Here are some of the basics about T-bills:
- The Government of Canada regularly places T-bills up for auction every second Tuesday. Provincial governments issue them at irregular intervals.
- The most common terms for federal and provincial T-bills are 30 days, 60 days, 90 days, 182 days, and 364 days.
- T-bills do not earn interest. Instead, they are sold at a discount and redeemed at full value. This follows the principle of "buy low, sell high." The percentage by which the value of the T-bill grows from sale to redemption is called the yield or rate of return. From a mathematical perspective, the yield is calculated in the exact same way as an interest rate is calculated, and therefore the yield is mathematically substituted as the discount rate in all simple interest formulas. Up-to-date yields on T-bills can be found at www.bankofcanada.ca/en/rates/monmrt.html.
- The face value of a T-bill (also called par value) is the maturity value, payable at the end of the term. It includes both the principal and yield together.
- T-bills do not have to be retained by the initial investor throughout their entire term. At any point during a T-bill’s term, an investor is able to sell it to another investor through secondary financial markets. Prevailing yields on T-bills at the time of sale are used to calculate the price.
Commercial Papers - The Basics
A commercial paper (or paper for short) is the same as a T-bill except that it is issued by a large corporation instead of a government. It is an alternative to short-term bank borrowing for large corporations. Most of these large companies have solid credit ratings, meaning that investors bear very little risk that the face value will not be repaid upon maturity.

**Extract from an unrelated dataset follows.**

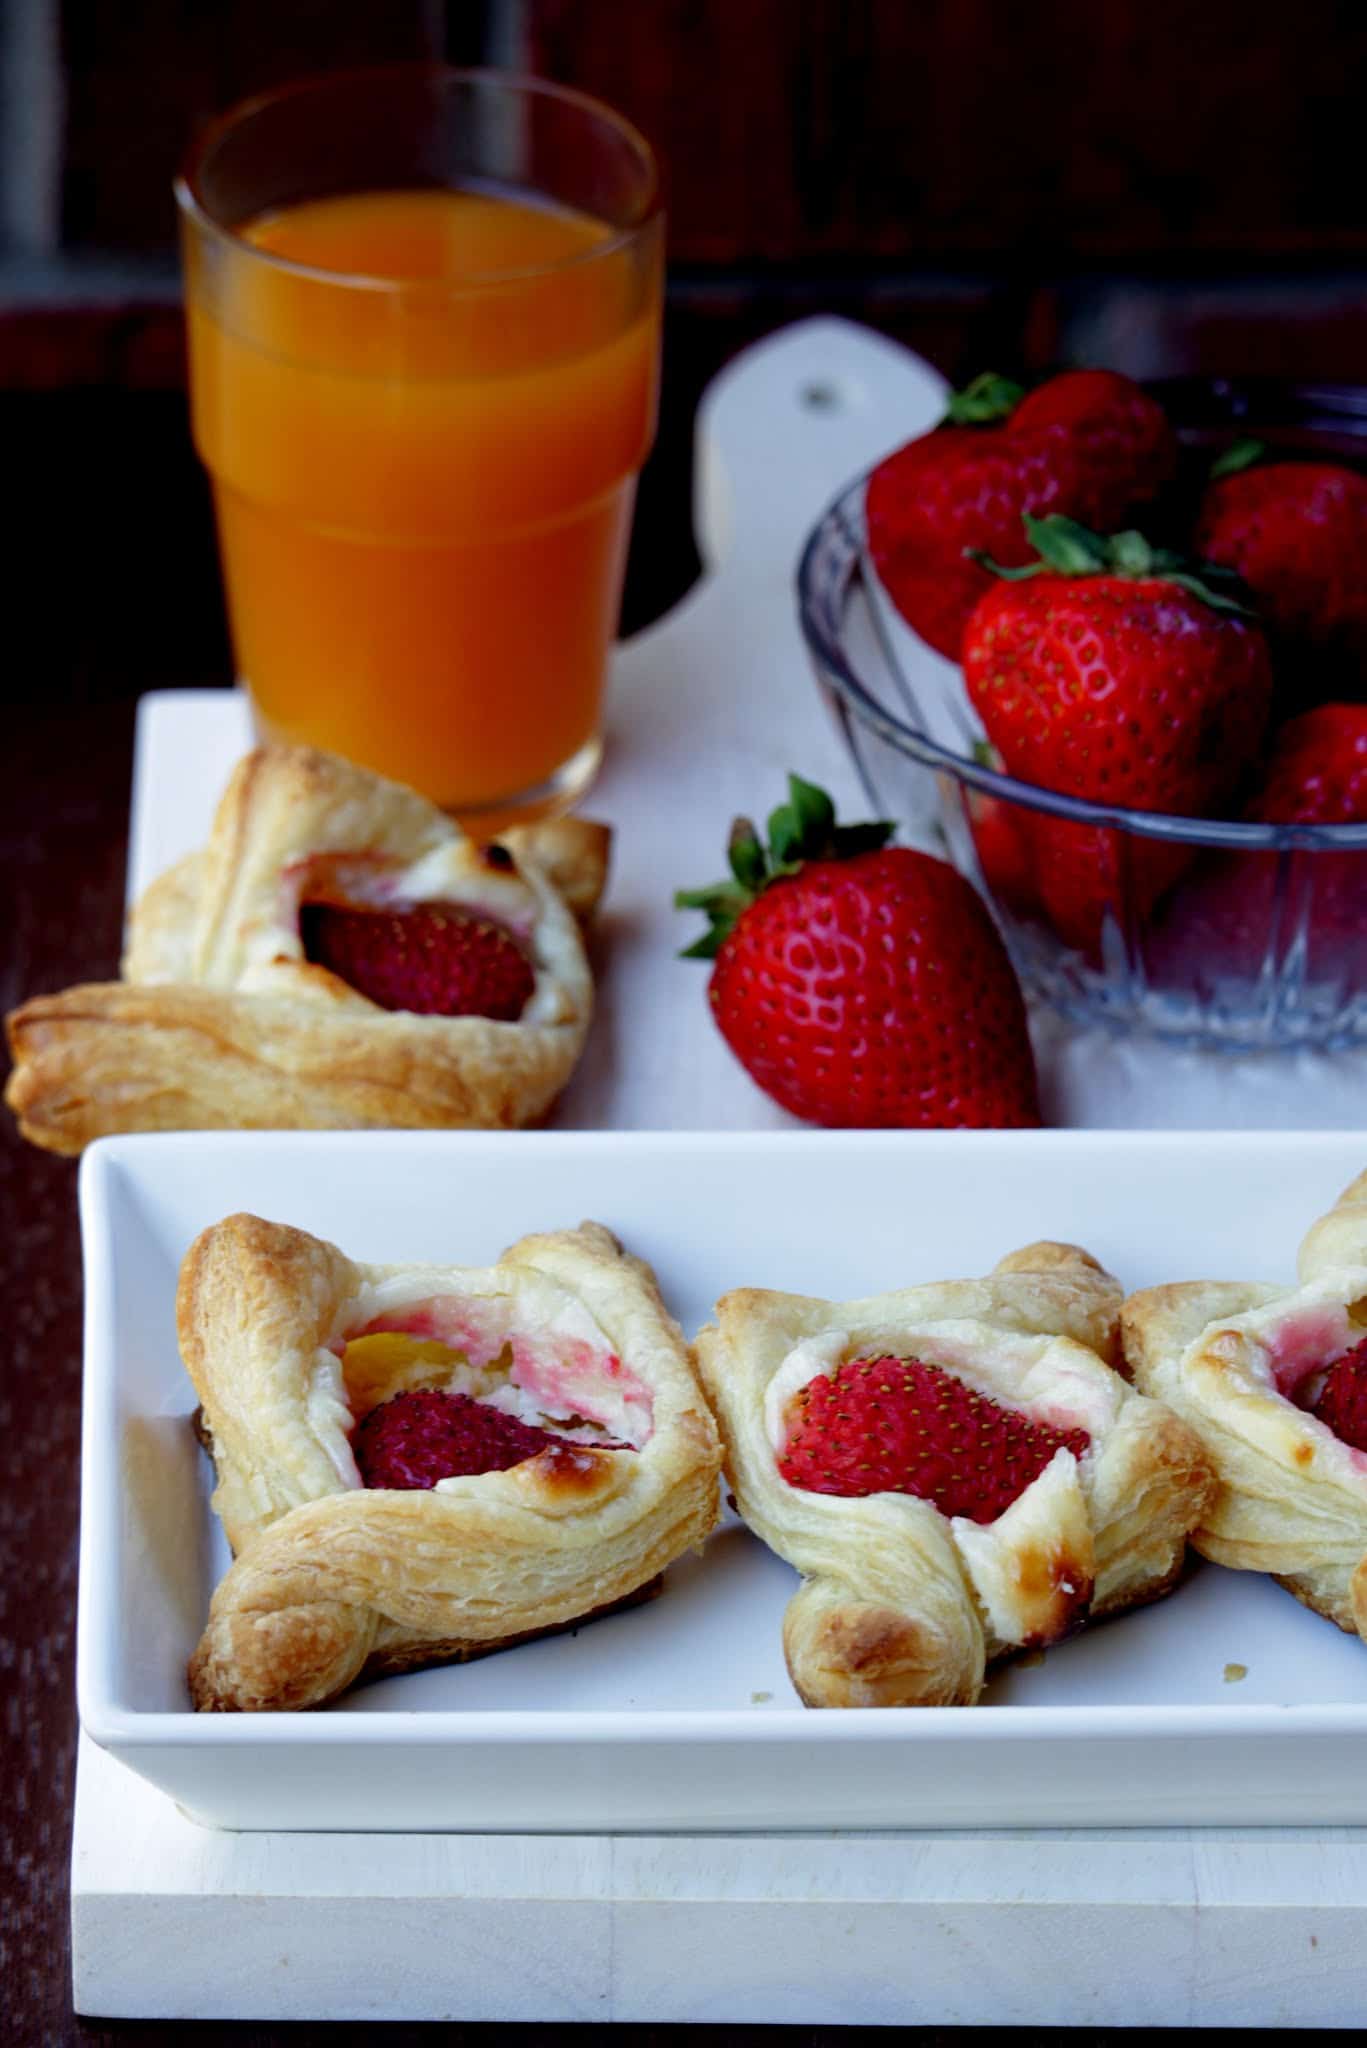 Ready to serve strawberry cream cheese pastry with juice

For a corporation, papers tend to be a cheaper source of financing than borrowing from a bank. The yields paid to investors are less than the interest rate the corporation is charged by the bank. The corporation can also make its financing even cheaper by offering the commercial paper directly to investors to avoid intermediary brokerage fees and charges. Finally, commercial papers are not subject to strict financial requirements and registration, such as stocks and bonds require; therefore, they pose easy access to funds in the short-term for a corporation.
Commercial papers carry the same properties as T-bills. The only fundamental differences lie in the term and the yield:
- The terms are usually less than 270 days but can range from 30 days to 364 days. The most typical terms are 30 days, 60 days, and 90 days.
- The yield on commercial papers tends to be slightly higher than on T-bills since corporations do carry a higher risk of default than governments.
How It Works
Mathematically, T-bills and commercial papers operate in the exact same way. The future value for both of these investment instruments is always known since it is the face value. Commonly, the two calculated variables are either the present value (price) or the yield (interest rate). The yield is explored later in this section. Follow these steps to calculate the price:
Step 1: The face value, yield, and time before maturity must be known. Draw a timeline if necessary, as illustrated below, and identify the following:
- The face value (\(S\)).
- The yield (\(r\)) on the date of the sale, which is always expressed annually. Remember that mathematically the yield is the same as the discount rate.
- The number of days (\(t\)) remaining between the date of the sale and the maturity date. Count the first day but not the last day. Express the number of days annually to match the annual yield.
Step 2: Apply Formula 8.2, rearranging and solving for the present value, which is the price of the T-bill or commercial paper. This price is always less than the face value.
Paths To Success
When you calculate the price of a T-bill or commercial paper, the only important pieces of information are the face value, the yield or discount rate on the date of sale, and how many days remain until maturity. Any prior history of the T-bill or commercial paper does not matter in any way. What the market rate was yesterday or last week or upon the date of issue does not impact today's price. Likewise, the number of days since the date of issue does not matter. What an investor paid for it three weeks ago is irrelevant. When calculating the price, pay attention only to the current market information and the future. Ignore the history!
- All other variables remaining stable, what happens to the price (present value) of a T-bill or commercial paper if the discount rate increases?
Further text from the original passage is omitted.